Introduction

Various complications of coronavirus disease 2019 (COVID-19) have been observed, [1] including several cardiovascular complications such as myocarditis, pericarditis, heart failure, pulmonary hypertension, acute coronary syndrome, arrhythmia, and venous thromboembolism. [2] In some patients with COVID-19, ST-segment elevation has been observed, occasionally alongside myocardial infarction and non-coronary obstruction. [3] However, reports of vasospastic angina (VSA) in patients with COVID-19 are rare. Here, we present the first case of COVID-19-related VSA in Korea.

Case Description

The patient, a 48-year-old Korean man, had recently recovered from COVID-19 (diagnosed on June 7, 2022), having experienced general weakness but no other specific symptoms. Two weeks after diagnosis with COVID-19, he visited the hospital emergency room with complaints of tight chest pain and dyspnea.

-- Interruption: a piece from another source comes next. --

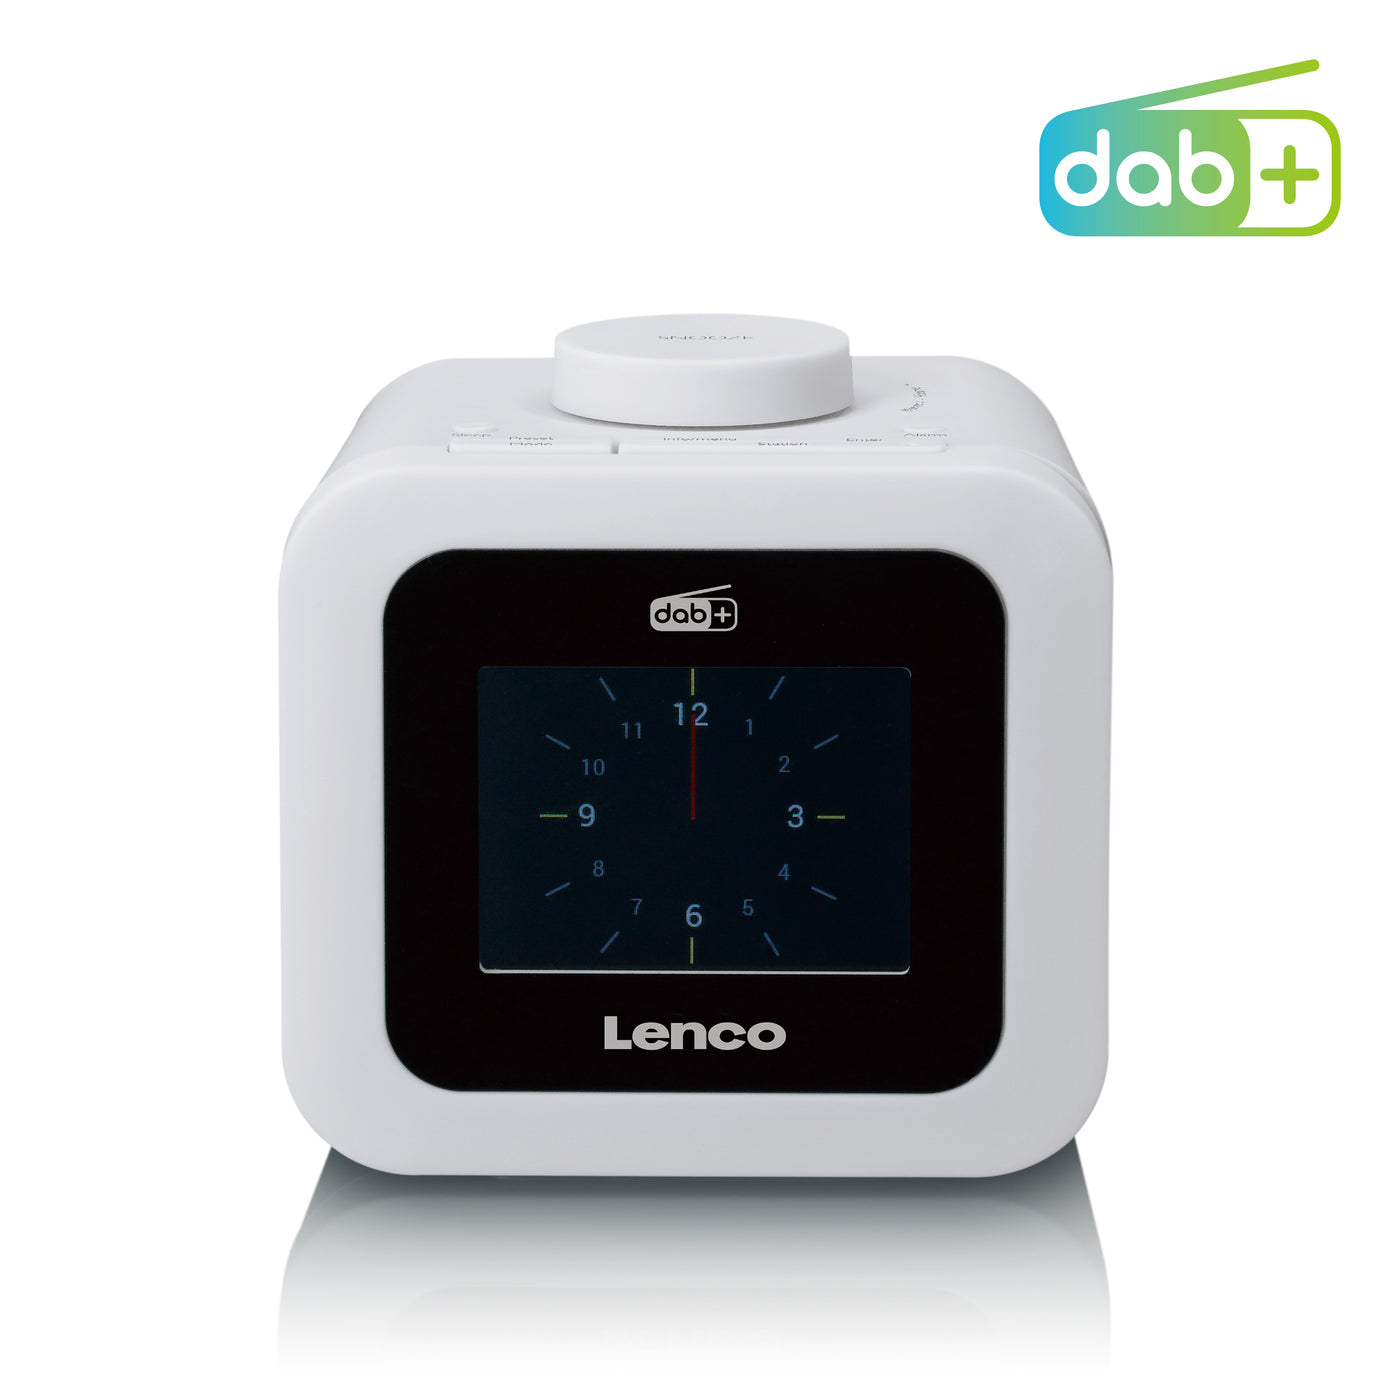 Lenco CR-620 - DAB+/FM clockradio

Initial vital signs were stable, with blood pressure of 113/79 mmHg and pulse rate of 50 beats per minute. Physical examination revealed no additional symptoms. There was no family history of cardiovascular disease or sudden cardiac death, nor any recently prescribed medication. Laboratory tests revealed normal levels of cardiac enzymes (creatine kinase-MB, 2.05 ng/mL; troponin I, 4.24 pg/mL). A chest X-ray showed no abnormalities and an electrocardiogram (ECG) showed sinus bradycardia without ST-T changes (Figure 1). Chest computed tomography (CT) showed no pneumonia or other abnormalities. Transthoracic echocardiography for evaluating myopericarditis showed normal left ventricular (LV) systolic function (LVEF 57%) and normal LV wall thickness.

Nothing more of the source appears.